The above pattern is an instance of the identity:

$\displaystyle \left({b - 1}\right) \sum_{j \mathop = 1}^n j b^{n - j} + n + 1 = \sum_{j \mathop = 0}^n b^j$

where $b = 10$ and $n$ goes from $1$ to $9$.


Proof

The proof proceeds by induction.

Let $n, b \in \Z_{>0}$, where $b \ge 3$.

For all $n \in \Z_{\ge 1}$, let $P \left({n}\right)$ be the proposition:

$\displaystyle \left({b - 1}\right) \sum_{j \mathop = 1}^n j b^{n - j} + n + 1 = \sum_{j \mathop = 0}^n b^j$


Basis for the Induction

$P \left({1}\right)$ is the case:

\(\ds \left({b - 1}\right) \sum_{j \mathop = 1}^1 j b^{1 - j} + 2\) \(=\) \(\ds \left({b - 1}\right) b^0 + 2\)
\(\ds \) \(=\) \(\ds b + 1\)
\(\ds \) \(=\) \(\ds \sum_{j \mathop = 0}^1 b^j\)

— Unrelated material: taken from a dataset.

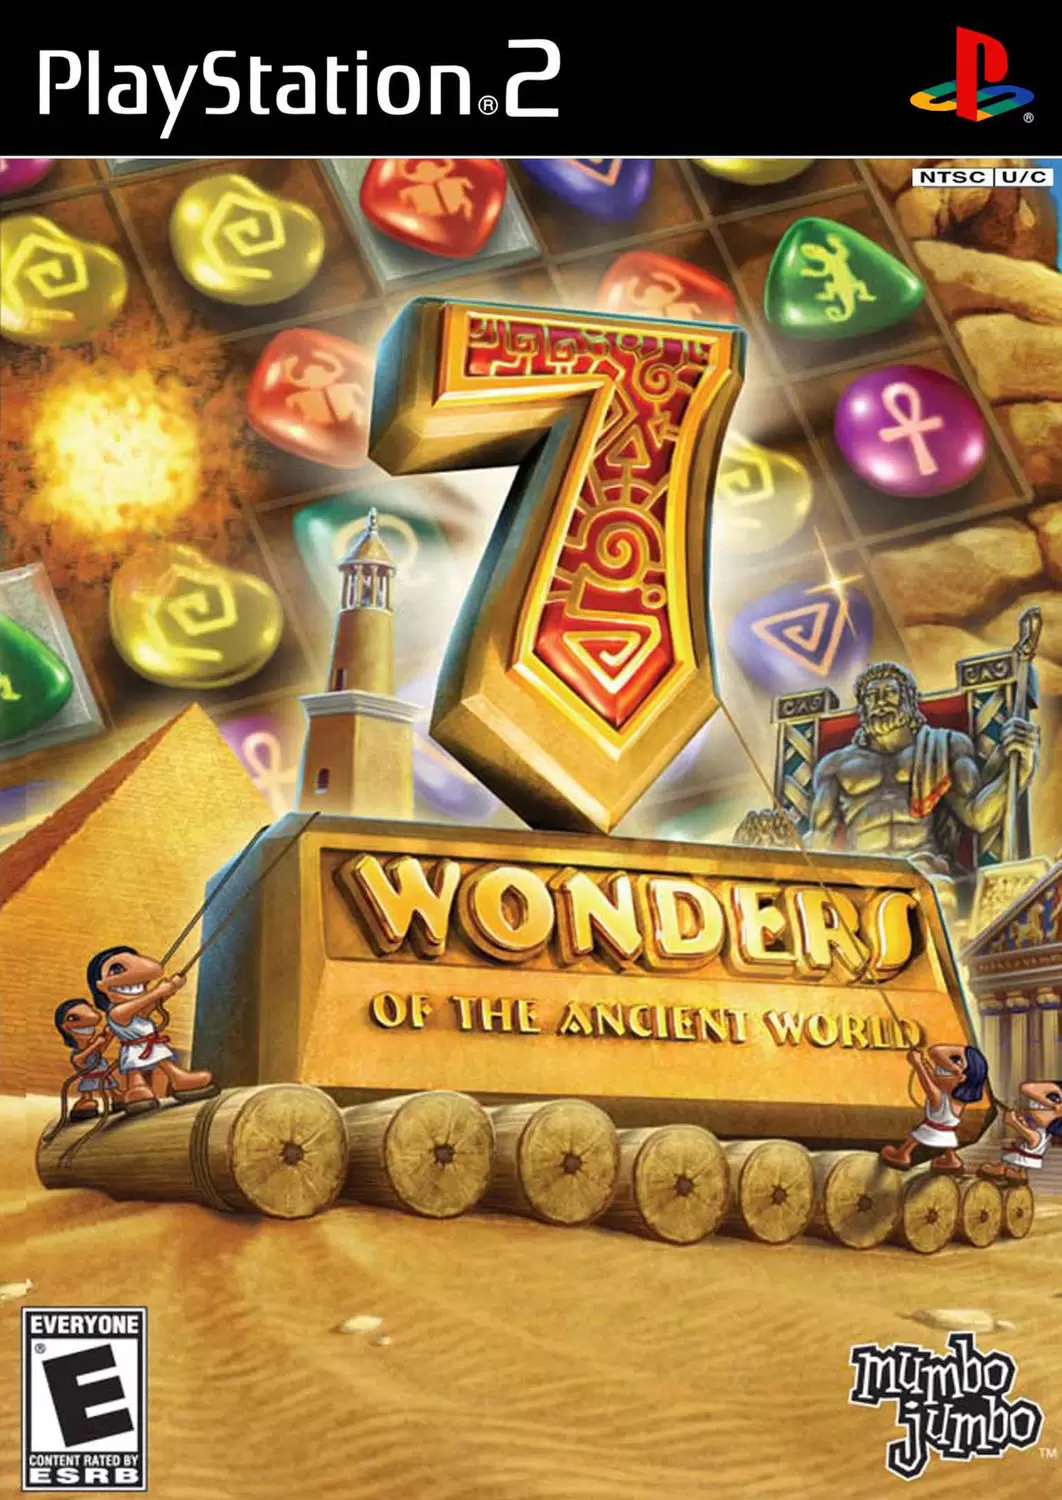 PS2 Games - 7 Wonders of the Ancient World

Thus $P \left({1}\right)$ is seen to hold.


This is the basis for the induction.


Induction Hypothesis

Now it needs to be shown that, if $P \left({k}\right)$ is true, where $k \ge 2$, then it logically follows that $P \left({k + 1}\right)$ is true.


So this is the induction hypothesis:

$\displaystyle \left({b - 1}\right) \sum_{j \mathop = 1}^k j b^{k - j} + k + 1 = \sum_{j \mathop = 0}^k b^j$


from which it is to be shown that:

$\displaystyle \left({b - 1}\right) \sum_{j \mathop = 1}^{k + 1} j b^{k + 1 - j} + \left({k + 2}\right) = \sum_{j \mathop = 0}^{k + 1} b^j$


Induction Step

This is the induction step:

\(\ds \) \(\) \(\ds \left({b - 1}\right) \sum_{j \mathop = 1}^{k + 1} j b^{k + 1 - j} + \left({k + 2}\right)\)
\(\ds \) \(=\) \(\ds \left({b - 1}\right) \sum_{j \mathop = 1}^k j b^{k + 1 - j} + \left({k + 2}\right) + \left({b - 1}\right) \left({k + 1}\right)\)
\(\ds \) \(=\) \(\ds \left({b - 1}\right) b \sum_{j \mathop = 1}^k j b^{k - j} + \left({b \left({k + 1}\right) - b \left({k + 1}\right)}\right) + \left({k + 2}\right) + \left({b - 1}\right) \left({k + 1}\right)\)
\(\ds \) \(=\) \(\ds b \left({\left({b - 1}\right) \sum_{j \mathop = 1}^k j b^{k - j} + k + 1}\right) + 1\)
\(\ds \) \(=\) \(\ds b \left({\sum_{j \mathop = 0}^k b^j}\right) + 1\) Induction Hypothesis
\(\ds \) \(=\) \(\ds \sum_{j \mathop = 0}^k b^{j + 1} + 1\)
\(\ds \) \(=\) \(\ds \sum_{j \mathop = 1}^{k + 1} b^j + 1\) Translation of Index Variable of Summation: Corollary
\(\ds \) \(=\) \(\ds \sum_{j \mathop = 0}^{k + 1} b^j\)

So $P \left({k}\right) \implies P \left({k + 1}\right)$ and the result follows by the Principle of Mathematical Induction.


Therefore:

$\displaystyle \left({b - 1}\right) \sum_{j \mathop = 1}^n j b^{n - j} + n + 1 = \sum_{j \mathop = 0}^n b^j$

$\blacksquare$